Sunday, January 19, 2025

An Ode to my Animal Body

 A week of thinking. Of communicating. Of planning. Of being a 21st-century human.


As soon as my skis start to glide on the snow, I feel what my native friend would call my animal body, suppressed all week, come to life.

I look briefly at a map without taking it in, instead, I start with dizzying loops around the close trails, until the restlessness subsides enough to focus on directions. This animal body longs for a reality where directions are instinctual again, not lines on a map.

I attack a hill and my lungs burn instantly. Too early. Despite the restless energy, today this animal isn't an aggressive one.






It's playful.

Today it's a rabbit.

The rabbit bounds over hills and through valleys with joy.

All week, learning how to be a better human, to listen to everyone's views, to stay safe, to be a part of the group.

And now to bound through the hills wild and free.

As I toss my phone in the side pocket of my pack, I think, "What if I fall and ruin my phone?"

"Ha! I'm nimble on my feet. What-ifs be damned!"

To a rabbit, worrying is foreign, as is the idea of having control over anything.



And now that I have glided through the hills, I throw my ears back and I start to RUN.

And oh! This rabbit can RUN!

My other bodies...

My water body - giver of life, empathy, healing, medicine...

Sick people get modern medicine these days.

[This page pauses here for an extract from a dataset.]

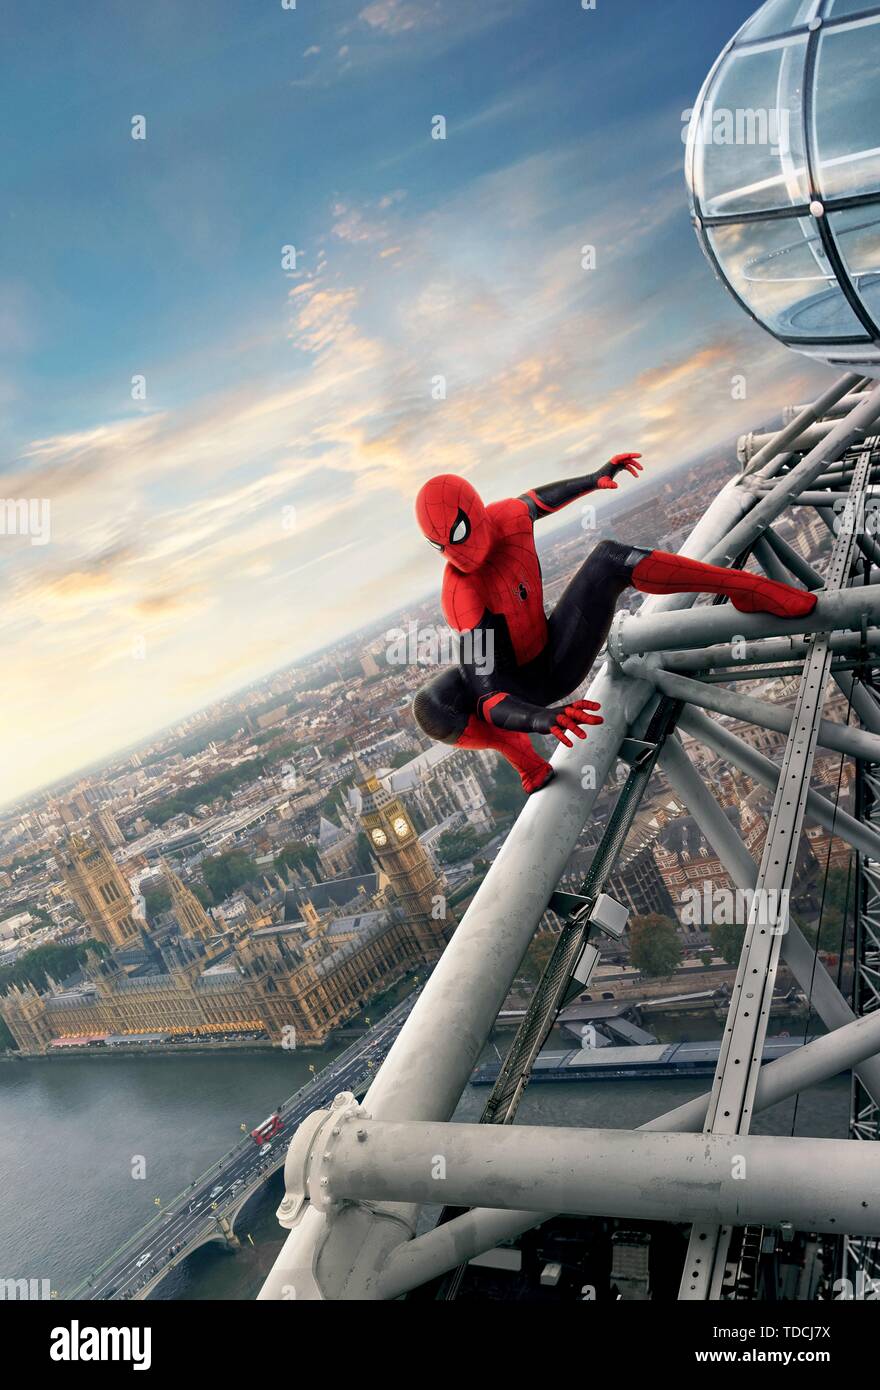 TOM HOLLAND in SPIDER-MAN: FAR FROM HOME (2019). Credit: COLUMBIA PICTURES/MARVEL ENTERTAINMENT / Album Stock Photo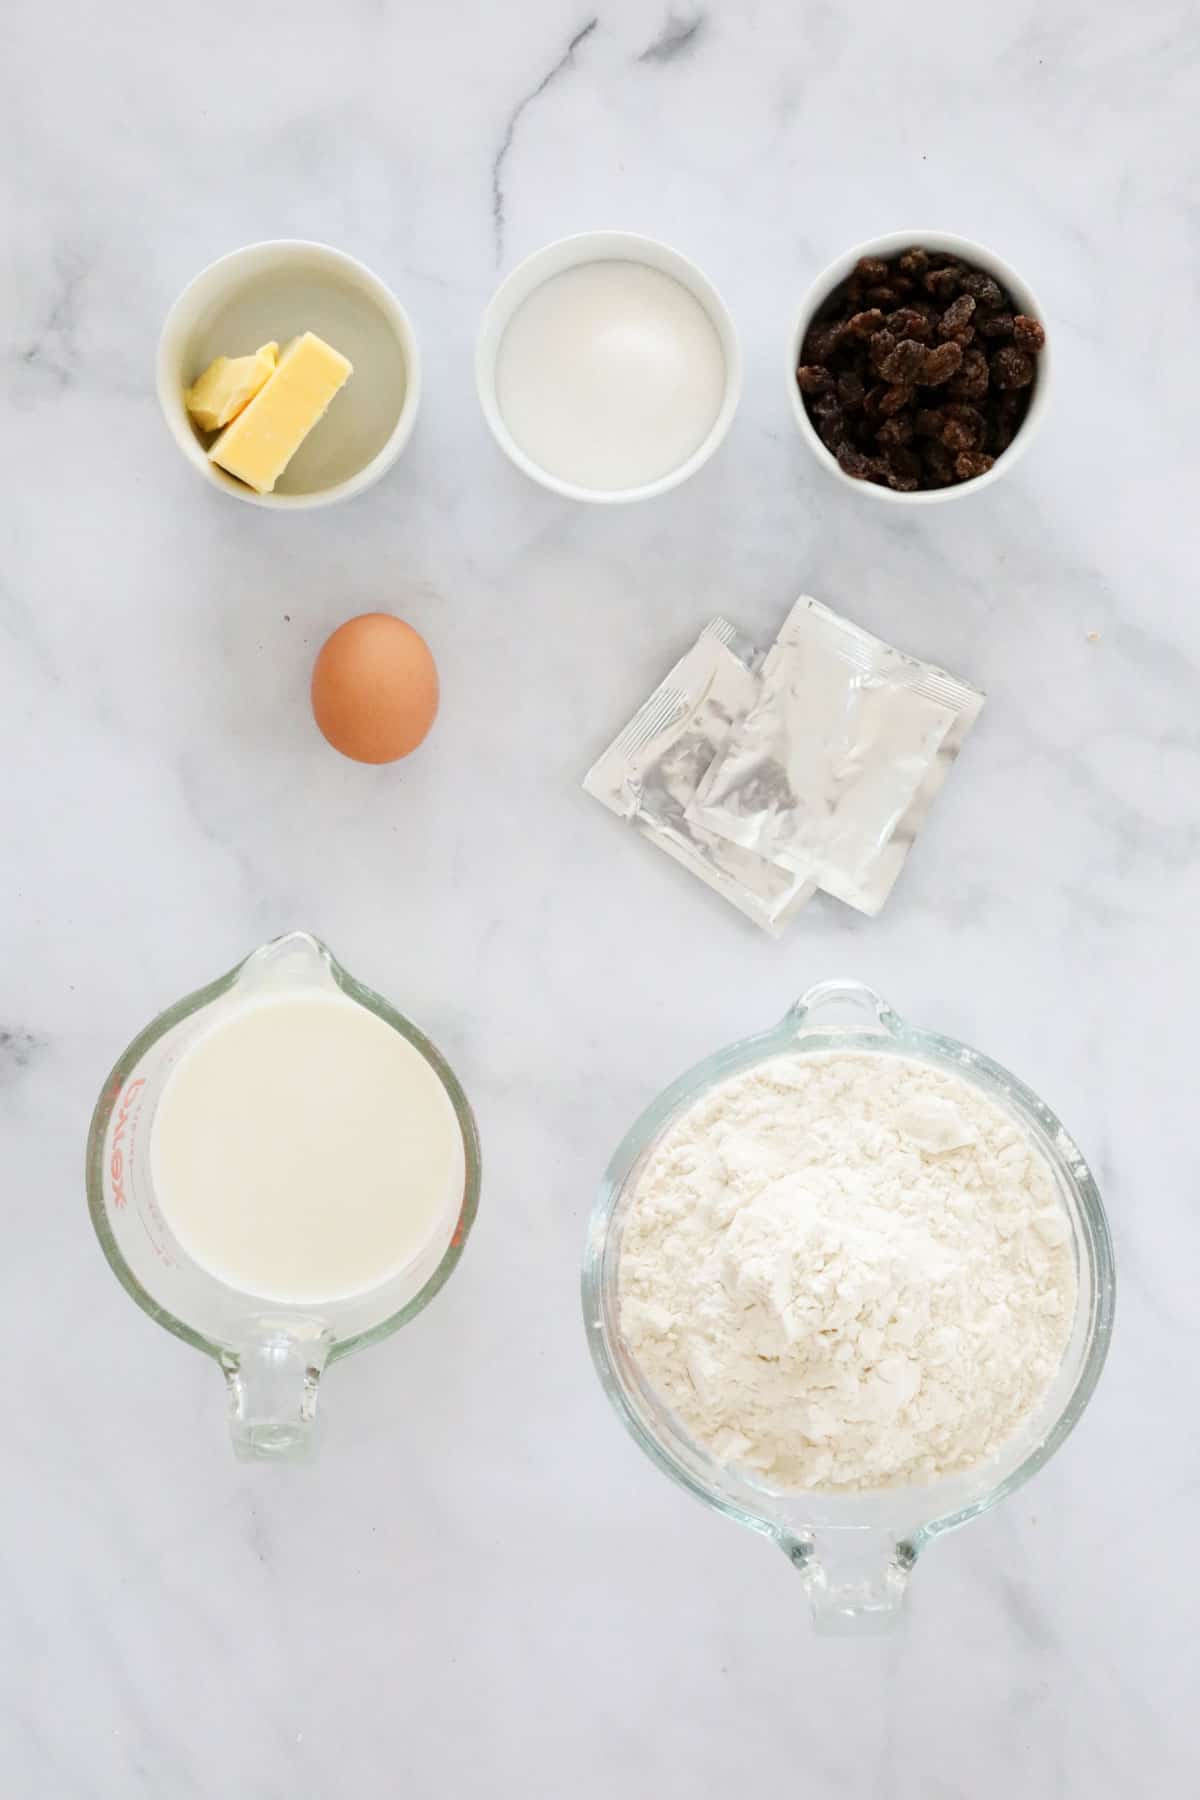 ingredients needed to make finger buns weighed out and placed in individual bowls.

My friends have therapists.

Most people can take care of themselves...

My spirit body- fully aware and accepting of death, sees the woes of life on earth as trivial...

It cannot speak very often for fear of being seen as cold-hearted.

In this world, a person suppresses at least half of their bodies in any given week.

But right now, my animal body RUNs.



I turn onto an open stretch and the snow is fast. In a rush of joy I raise up my hands and plant my poles, flying through the opening in the trees.

How do I know I have gone long enough? When my brain turns to thoughts of rabbits instead of thoughts of people. When I stop wondering if I have been out long enough.

And also when the rabbit reaches the starting point for the 2nd..., 3rd..., 4th...?! time and abruptly decides without consensus-

That was it!



And I watch the rabbit hop back into the forest without so much as a glance behind.